Ко дню открытия Банвард был полон самых смелых ожиданий. 29 июня 1846 года жители Луисвилля прочитали в газете о том, что местный художник арендовал зал для показа своей работы: «Огромную движущуюся панораму реки Миссисипи, нарисованную Банвардом, можно будет посмотреть в понедельник вечером, 29 июня в Зале Аполлона; ежедневная экспозиция продлится до субботы, 4 июля». В рецензии, напечатанной там же, говорилось: «Грандиозной картине длиной в три мили суждено стать одним из самых прославленных творений нашего века». Автор рецензии даже не догадывался, до чего верными оказались его первые ощущения: картина действительно стала самым прославленным творением столетия. Но не осталась в веках.

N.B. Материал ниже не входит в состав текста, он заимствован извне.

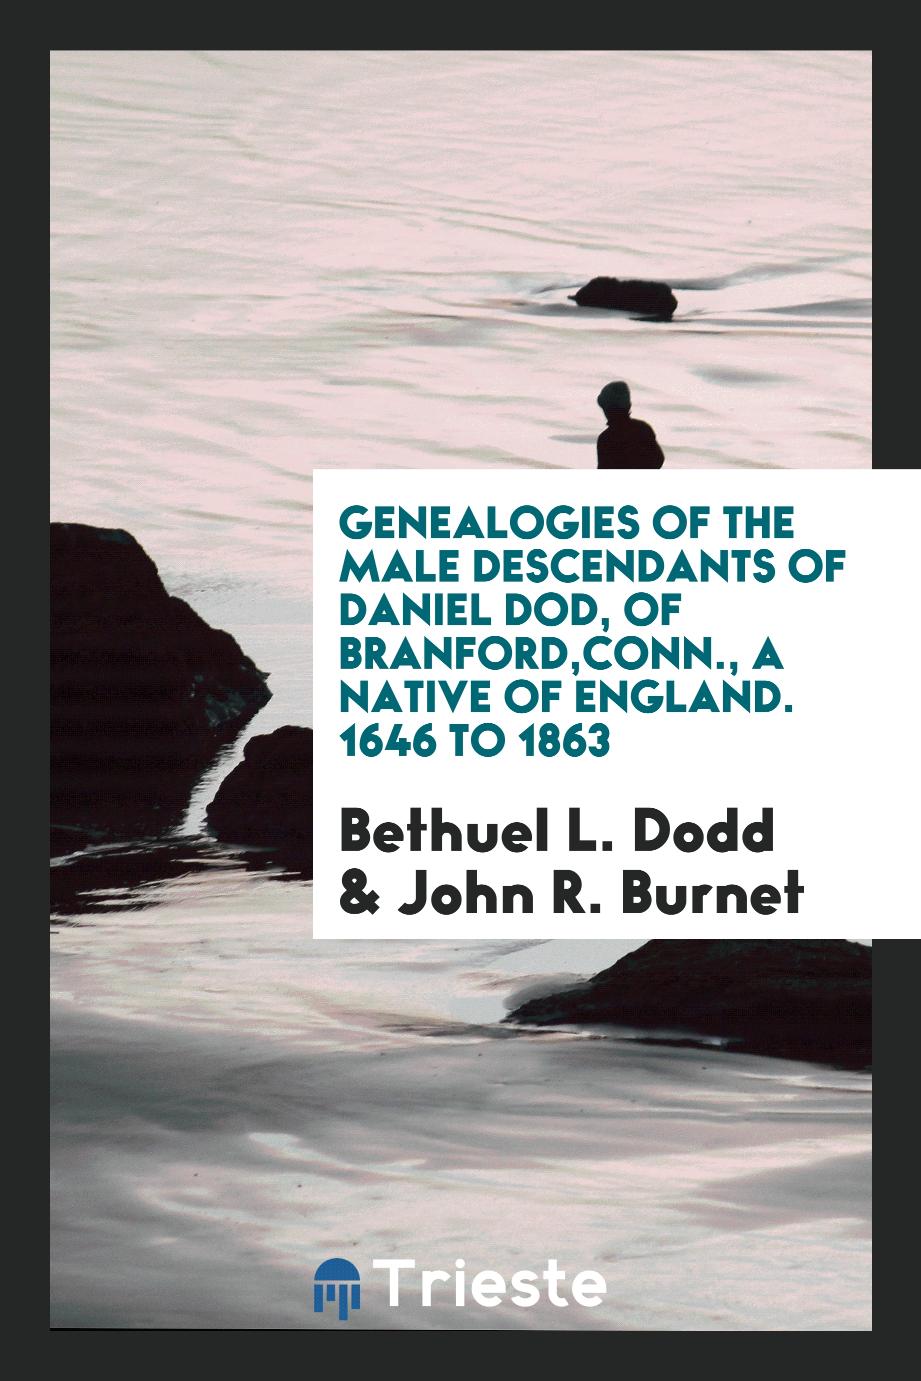 Genealogies of the male descendants of Daniel Dod, of Branford,Conn., a native of England. 1646 to 1863
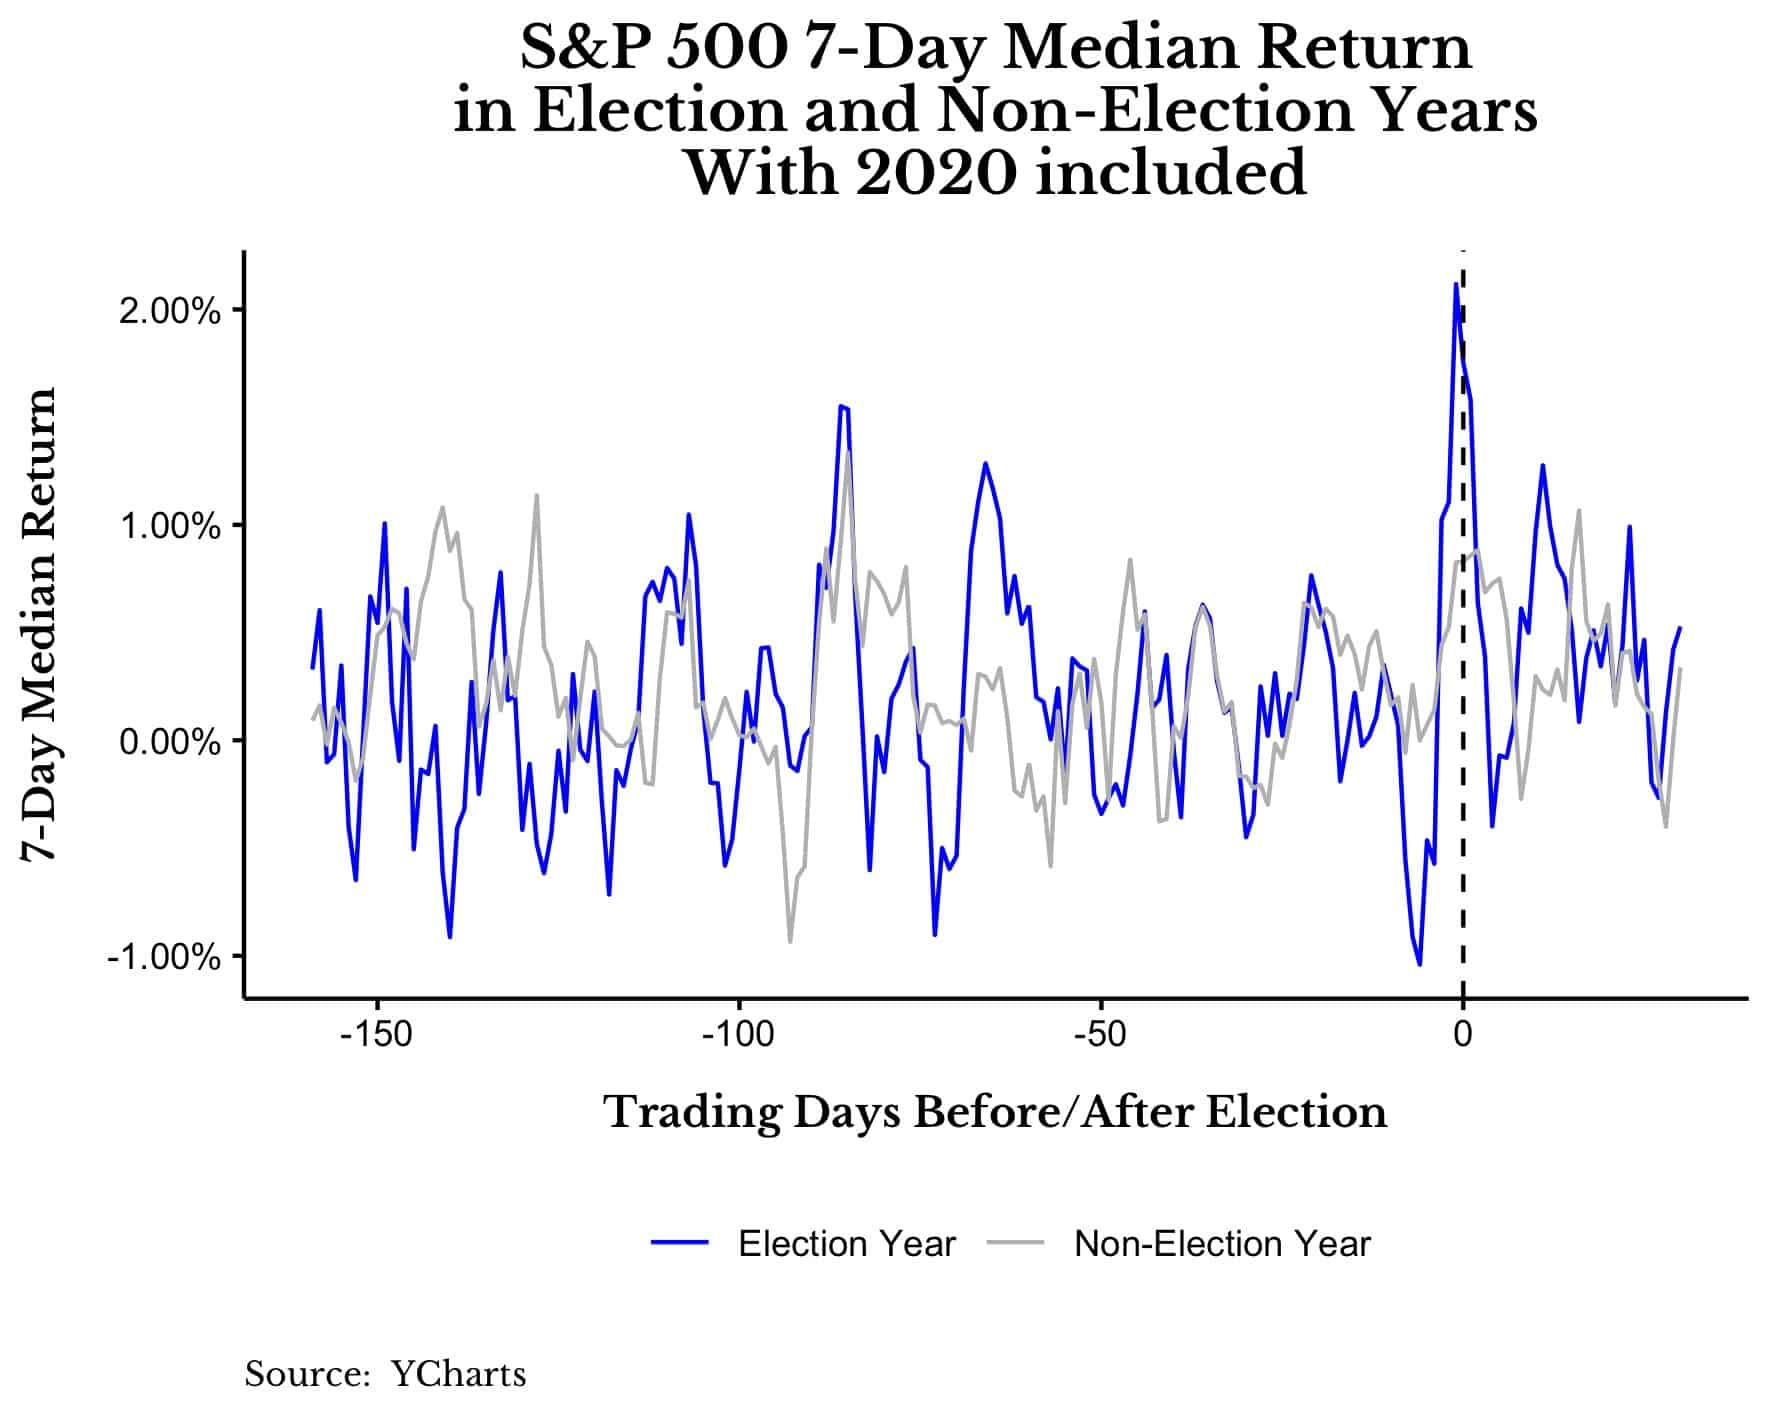 S&P 500 7-day median return in election and non-election years with 2020 included

День торжественного открытия оказался явно неудачным. Банвард ходил по выставочному залу взад-вперед, поджидая толпы зрителей и потоки монет — по пятидесяти центов за вход. Постепенно стемнело, зарядил дождь. Панорама стояла на освещенном помосте, свернутая и ожидающая первого оборота валика. Уже и солнце село, и дождь барабанил по крыше, а Джон Банвард все ждал и ждал.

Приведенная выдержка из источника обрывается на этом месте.